More on Greece

The FT Analysis page is today devoted to the Greek situation: you can read it here.

In addition, there are two opinion pieces  —-

Wolfgang Munchau advocates a eurozone solution here.

Charles Wyplosz cautions against a bailout here.

5 replies on “More on Greece”

Without a single political authority, eurozone countries are expected to adhere to rules set out in the “stability and growth pact”, which includes a limit of 3 per cent of GDP for public sector deficits. That rulebook proved “a lopsided, very post-modern construction,” says George Pagoulatos, associate professor at Athens University of Economics and Business. “The system is biased. If your deficit exceeds 3 per cent, there are procedures. But countries that have large debt levels and fast growth have not faced effective pressure to reduce that debt – and that was exactly the problem faced by Greece.”

I don’t get the post-modern bit but it would apear to be true that the 3% limit in the stability and growth pact was not effective to ensure stability. A different metric does appear to be needed. People might say that Greece didn’t stick to the 3% bound anyway but Ireland did.

3% is a guideline. It has no penalty attached. It is conservative. Now is a good time to be conservative. When in a hole…. stop borrowing.

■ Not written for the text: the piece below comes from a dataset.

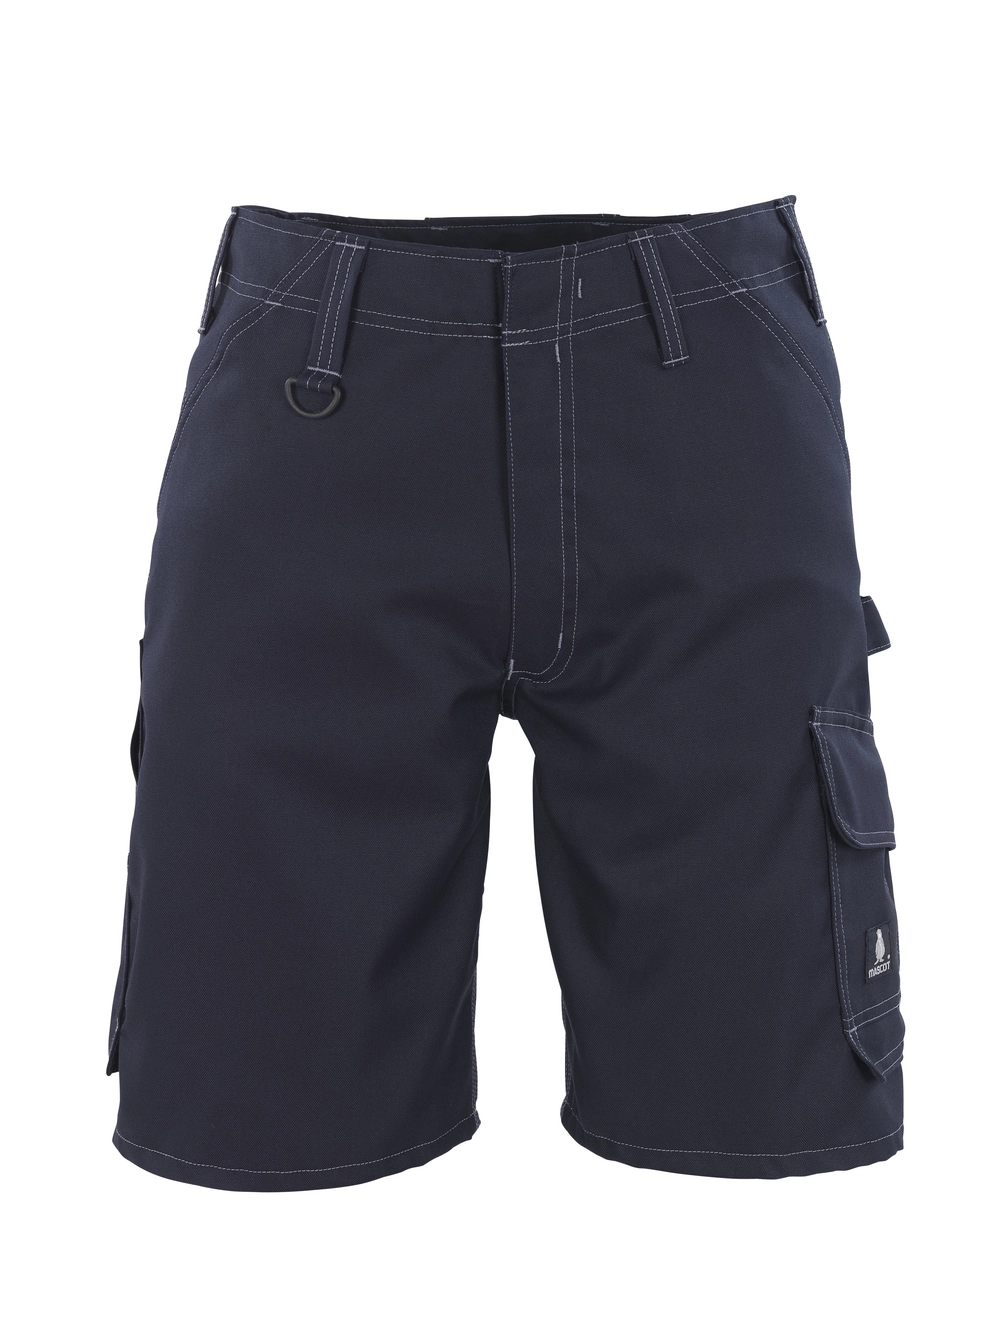 MASCOT® Charleston Shorts Größe C43, schwarzblau

It expects a sensible government to act to create a better European community by voluntary adherence. Clearly once this has been shattered then it will be adjusted. Until then, it remains. The Greeks hoped they could finesse the stats and a miracle would occur or else they would lose the election…which they did. So. That is the Greeks. Unlike the very prim honest and proper Irish…. who know that that does not work, so they use other methods.

Pot meet kettle. I point out again, that it is derivatives that are creating this perception. Gambling by billionaires. At least that is what they owe. With luck they can make enough to pay off the vig each month.

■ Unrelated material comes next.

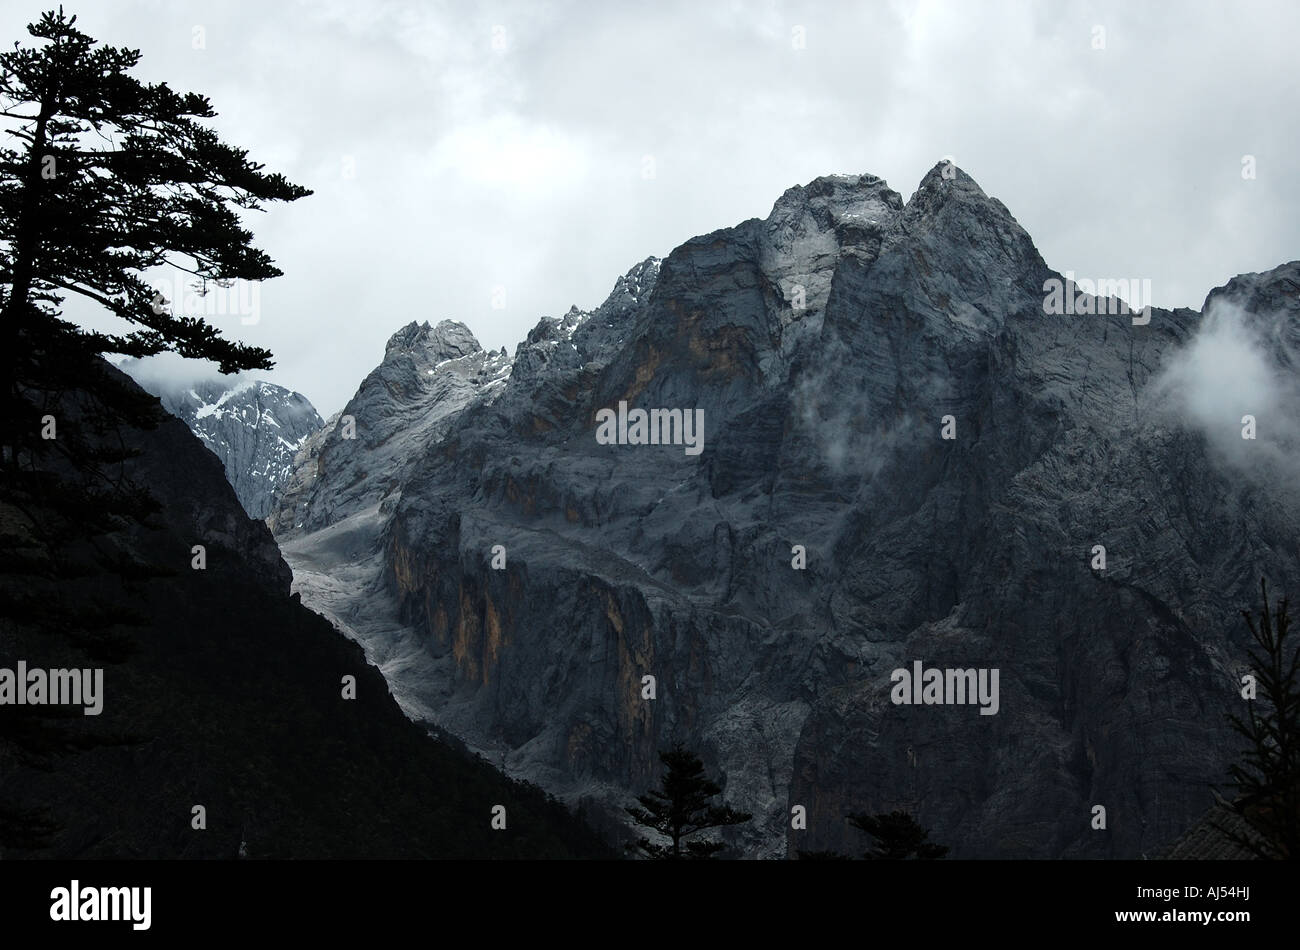 Das Majestic Yulong (Jade-Drachen) Mountain steht mehr als 18.000' (5600 m) im westlichen Yunnan, China. Stockfoto

The tail is wagging the donkey. Or dog. Those ratings agencies that brought us the missold sub-prime tranches are telling us that sovereign countries are more in the hole than Coca Cola. Yes, I believe them. NOT!

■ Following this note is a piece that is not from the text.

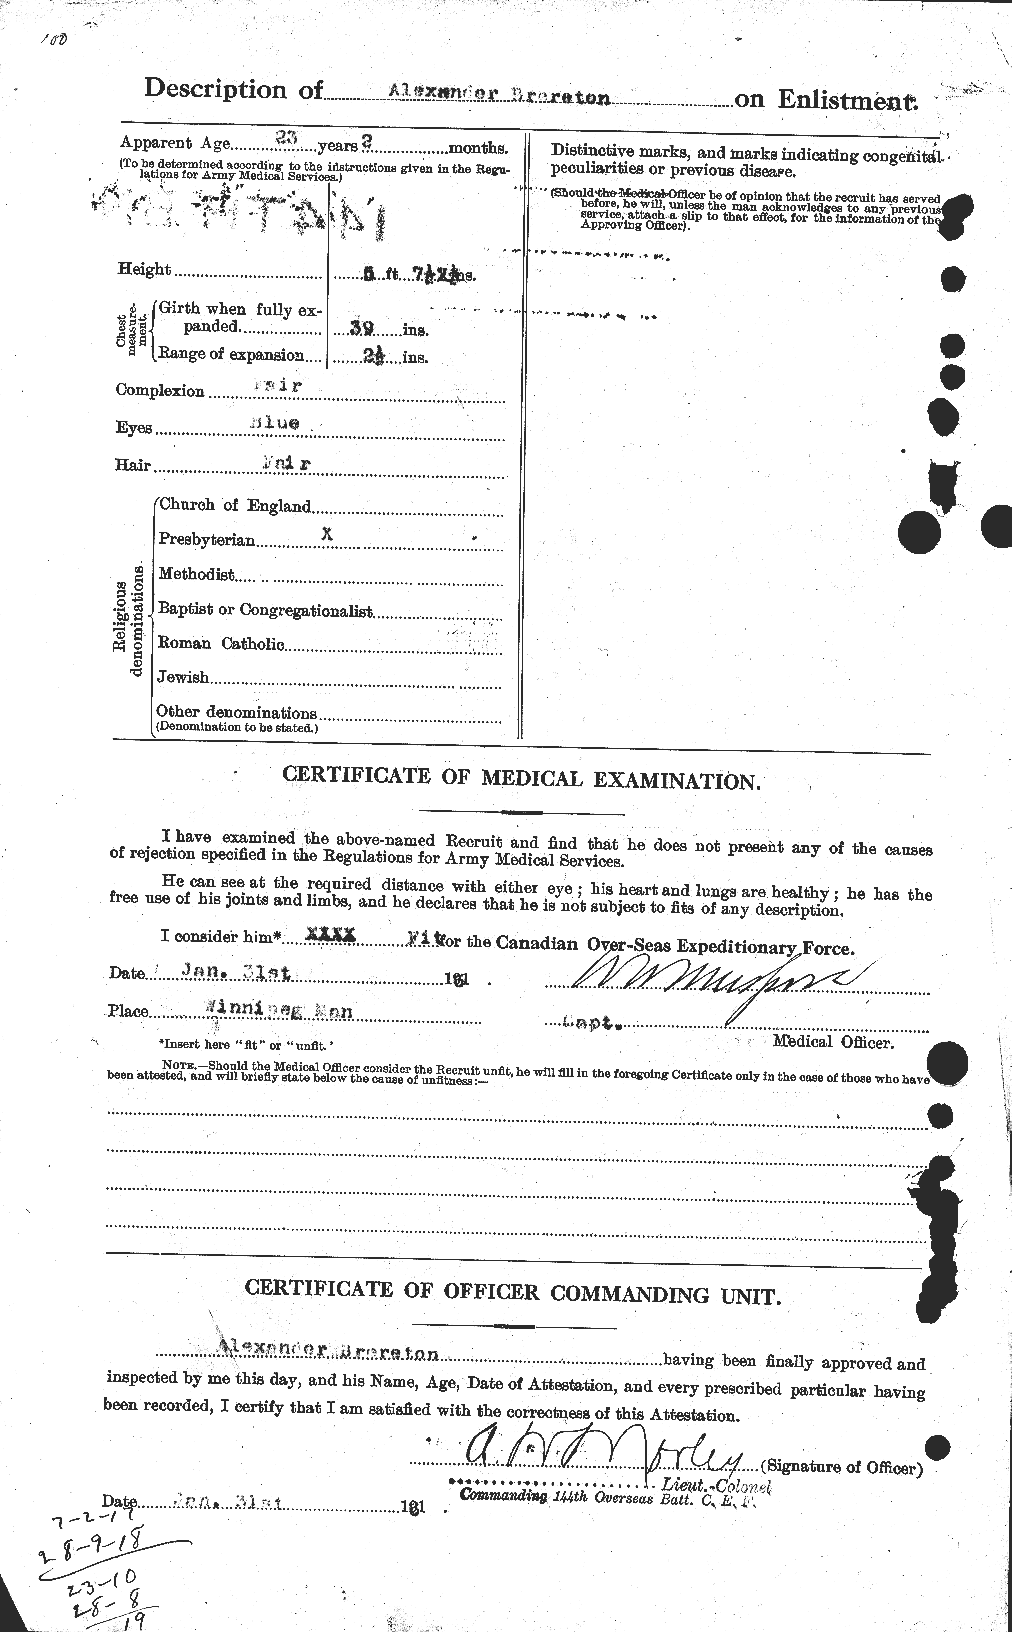 Dossiers du Personnel de la Première Guerre mondiale - CEC 262678b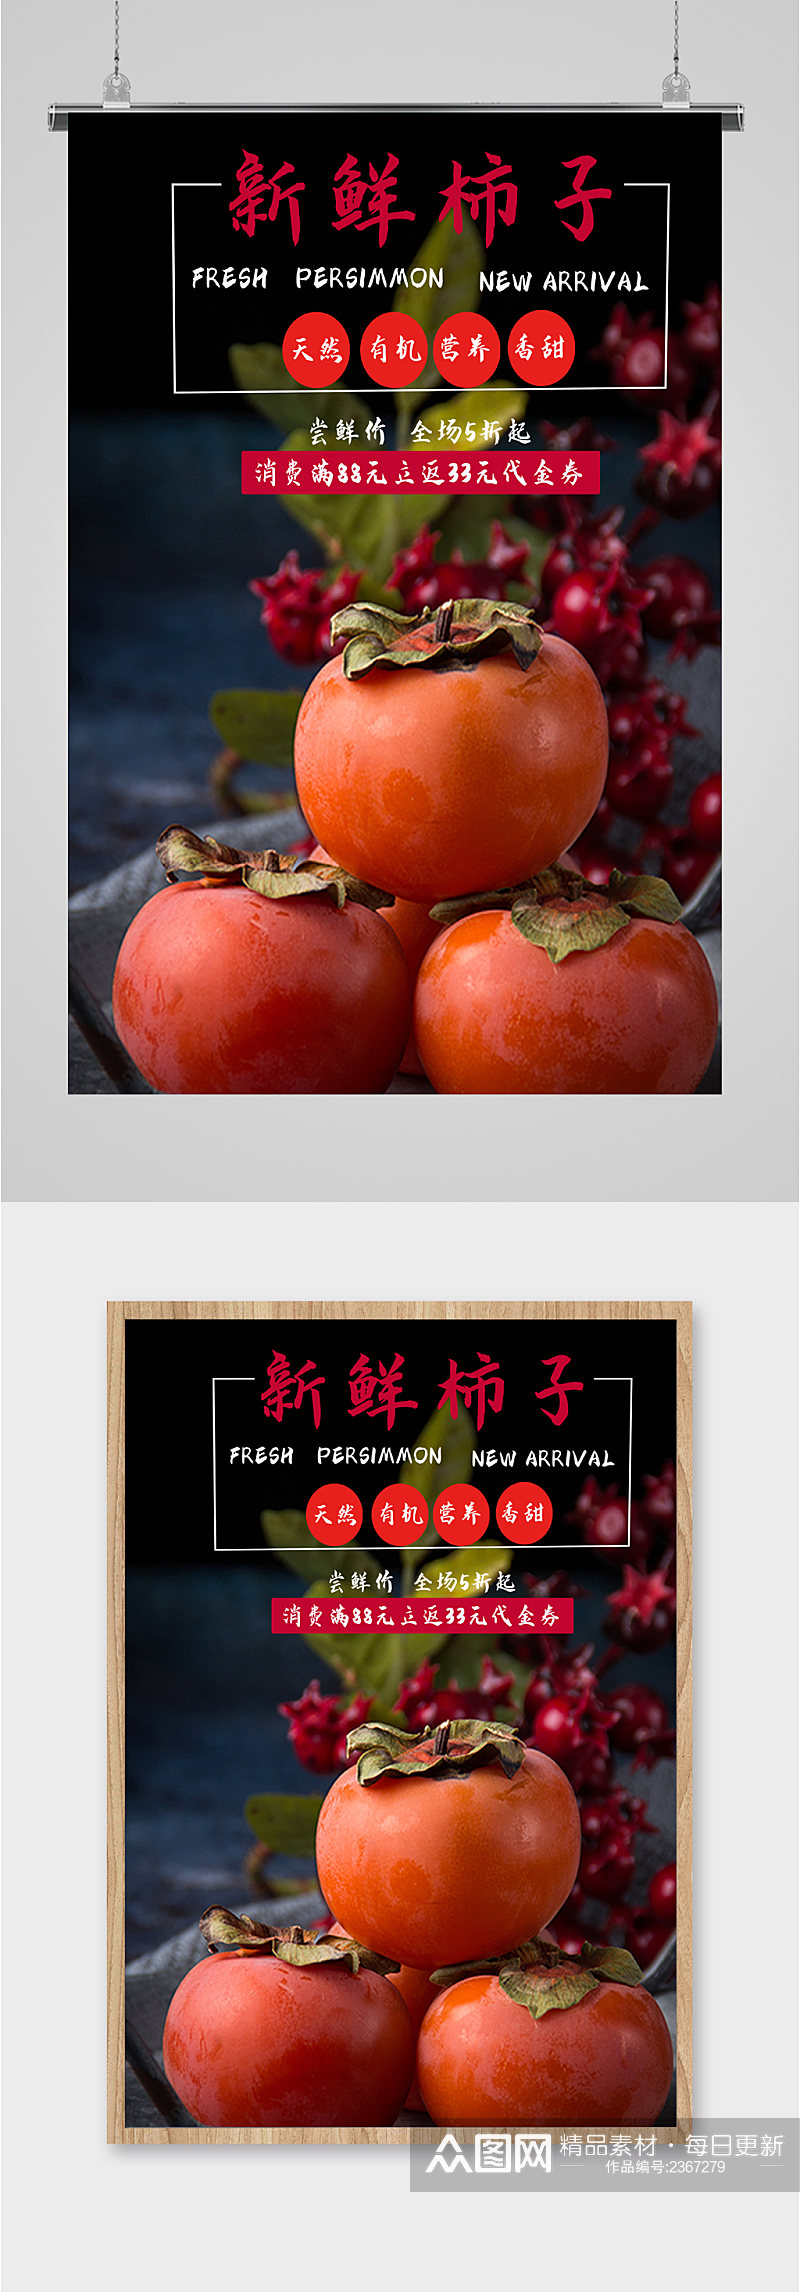 新鲜柿子水果海报素材

So who gains, by misdirecting attention? It is just as well that we can trust all the mainstream media too! Otherwise there might be a misperception as to the truth! Yes! Hard to believe, but some msm are lying…..

Wyplosz’s note doesn’t really constitute an argument against a bail-out, rather than recognising the nice deal for investors getting both a risk premium and a safety-net. But if it’s such a nice deal then everyone would be buying Greek and the risk premium wouldn’t be there – so the risk must be real, right?

In any case if you want to stop investors gaming the system then you just need an explicit commitment to bail-out – presumably the risk premium would disappear (and possibly some hedgies would be left high and dry?). Of course that leaves the issue of fiscal moral hazard but we can be as hard as we like on the feckless Greeks, but let’s not pretend that they are the whole problem (or them, us, the Spanish/Italians/Portuguese) – EMU’s institutional design problems are at least as culpable. German (and associated) support for a Bundesbank-type ECB and opposition to any fiscal federalism played their role in this crisis.

RE: Munchau. How to design a bailout consistent with the no bailout rule! His bit on the need for loss of sovereignty was also revealing. What we’re talking about here is a move towards a common fiscal policy if the euro is to survive.

Leaving more erudite discussion to everyone else, I got a giggle out of this paragraph
For groups such as Greek farmers, who in recent weeks have blocked main roads in a campaign to protect their subsidised lifestyle, the benefits of EU membership remain clear. “I’m fairly certain that we have more tractors per capita than any other part of the world,” says Mr Manos. “This is where the EU money is going. A lot look like they have just come out of the showroom.”